Il est à noter qu’un bon nombre de communes portent le souci de leur patrimoine et y investissent des sommes, qui, pour de toutes petites communes, restent encore importantes malgré les subventions obtenues, (Je pense à la commune de Bossugan qui compte…50 habitants !). Aujourd’hui, beaucoup de nos contemporains sont attachés au patrimoine, à tout ce qui nous vient des générations qui nous ont précédés et que nous avons la responsabilité de transmettre en bon état aux générations qui viennent. Dans les villages, les Associations des « amis de l’église de… », quand elles existent, peuvent être très utiles pour mobiliser l’opinion publique, pousser un dossier, récolter de l’argent, à condition de travailler en concertation avec le curé et la municipalité.

Habiter nos églises

Si ces églises ont été mises au service des fidèles pour l’exercice du culte, il faut que celui-ci soit effectif, sinon, à plus long terme, l’affectation de telle ou telle église risque de se poser. S’il n’y a plus de messe, si l’église ne sert que très rarement, souvent pour un enterrement, si les fidèles ne la fréquentent plus, n’y prient plus, pourquoi encore affecter cette église au culte ? Des églises toujours fermées, poussiéreuses et mal entretenues ne sont plus que des vestiges du passé. Elles peuvent être vues comme signes d’une entreprise en voie de liquidation. Par contre, des églises ouvertes (au moins à certains jours), propres, bien entretenues, où des chrétiens viennent prier, organisent des temps de prière, sont le signe de communautés vivantes, qui témoignent d’un Dieu proche, d’un Dieu qui vient habiter au milieu de son peuple. Je suis frappé, en lisant les lettres de demande de baptême des catéchumènes adultes, de l’importance qu’ont eu pour un certain nombre d’entre eux l’entrée dans une église, la paix et le silence qu’ils y ont trouvées, la possibilité d’un vrai recueillement.
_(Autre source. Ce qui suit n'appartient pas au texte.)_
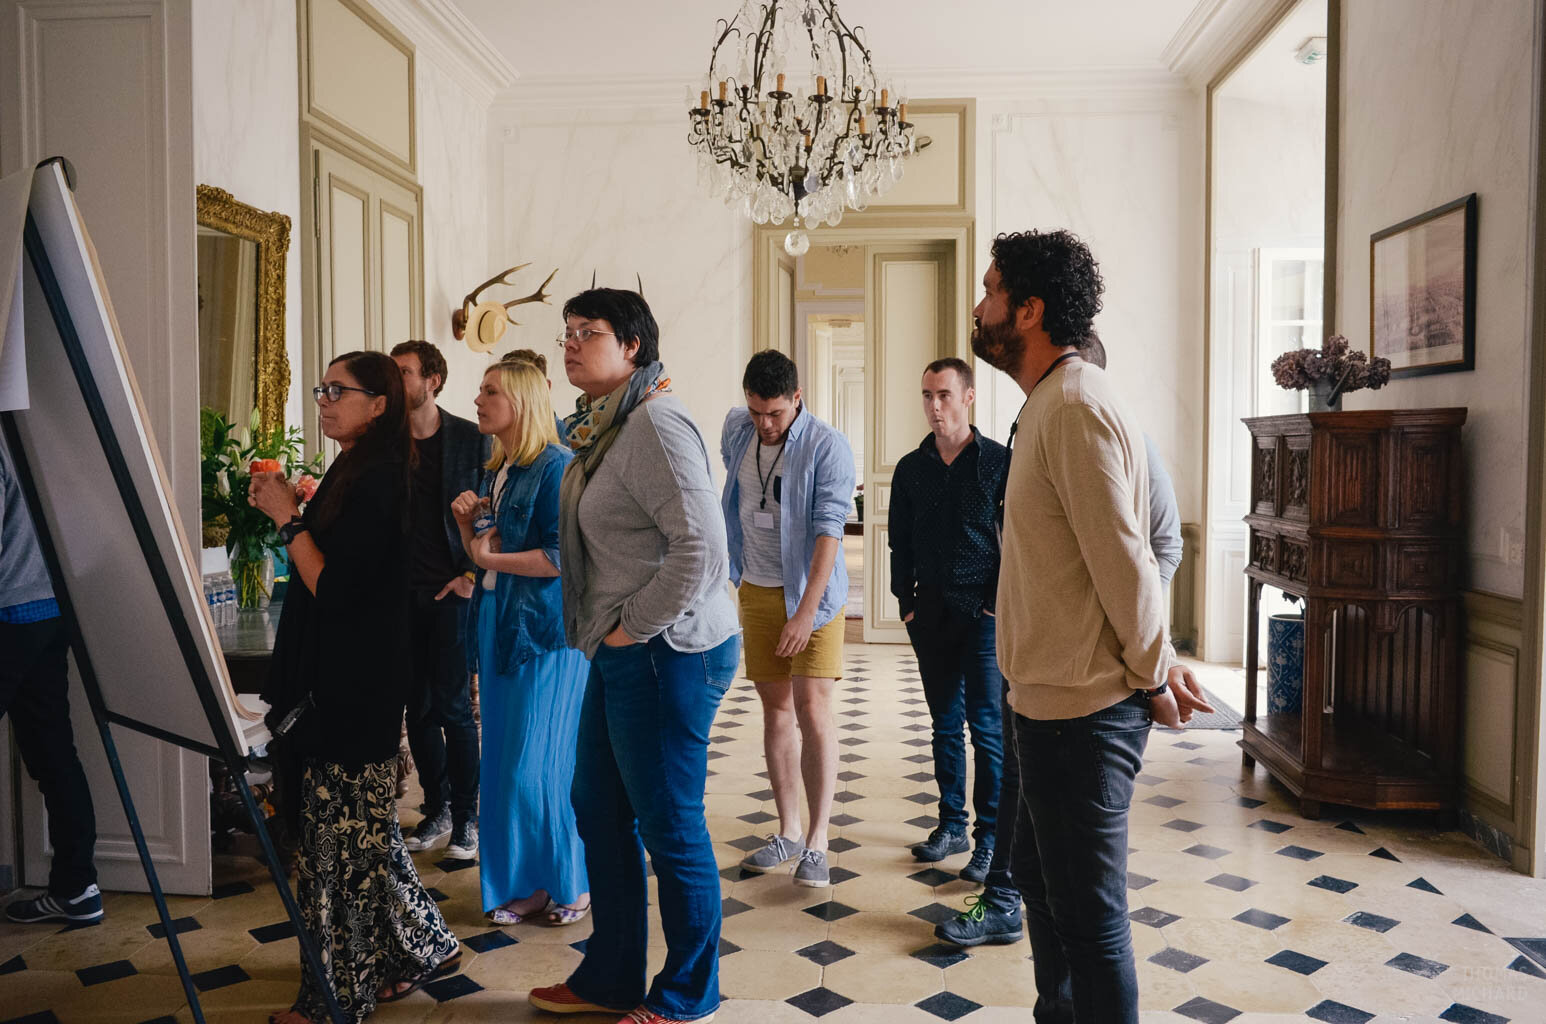 A group of people standing in room under a chandelier during a workshop or a retreat in France.

Bien sûr, tout de suite, se posent les questions de sécurité : si on ouvre l’église, comment éviter les dégradations et se prémunir contre les vols ? Ces questions ont occupé un temps notable de nos échanges. Nous ne sommes pourtant pas sans réponse à ces questions.

Notre synode diocésain a été l’occasion pour un certain nombre d’équipes synodales d’exprimer leur volonté d’habiter davantage nos églises et de les faire vivre. C’est un chantier que, à la suite du pape François je ne peux qu’encourager : « L’Église est appelée à être toujours la maison ouverte du Père. Un des signes concrets de cette ouverture est d’avoir partout des églises avec les portes ouvertes. De sorte que, si quelqu’un veut suivre une motion de l’Esprit et s’approcher pour chercher Dieu, il ne rencontre pas la froideur d’une porte close » (La Joie de l’Evangile, n° 47).

Accueillir dans nos églises

Actuellement se multiplient des demandes d’utilisation culturelle des églises, pour un concert, une exposition…Certains maires argüent de cette utilisation culturelle pour recueillir une adhésion plus large de membres de leur conseil municipal ou de leurs administrés qui ne sont pas immédiatement sensibles à la dimension religieuse de l’édifice. Pour des bâtiments affectés exclusivement au culte, cette utilisation ne peut être qu’une tolérance. Mais ces activités culturelles peuvent être l’occasion d’un accueil un peu large et d’une première évangélisation. L’opération annuelle La nuit des églises et des propositions de visites (ou de parcours) touristiques entrent dans cette perspective. Pour un concert ou une exposition, ce qui sera exécuté ou sera montré doit être respectueux du caractère religieux de l’édifice. C’est le curé qui doit donner son accord à l’accueil de cette manifestation.
Voilà bien des questions qui se posent sur le terrain et qui ont été abordées lors de la réunion du 8 mars dernier. L’envie a été exprimée par les différents partenaires de poursuivre leur réflexion et de renforcer leur collaboration. Oui, cette prise en charge concertée de nos églises est un beau chantier pour notre Église diocésaine et notre département.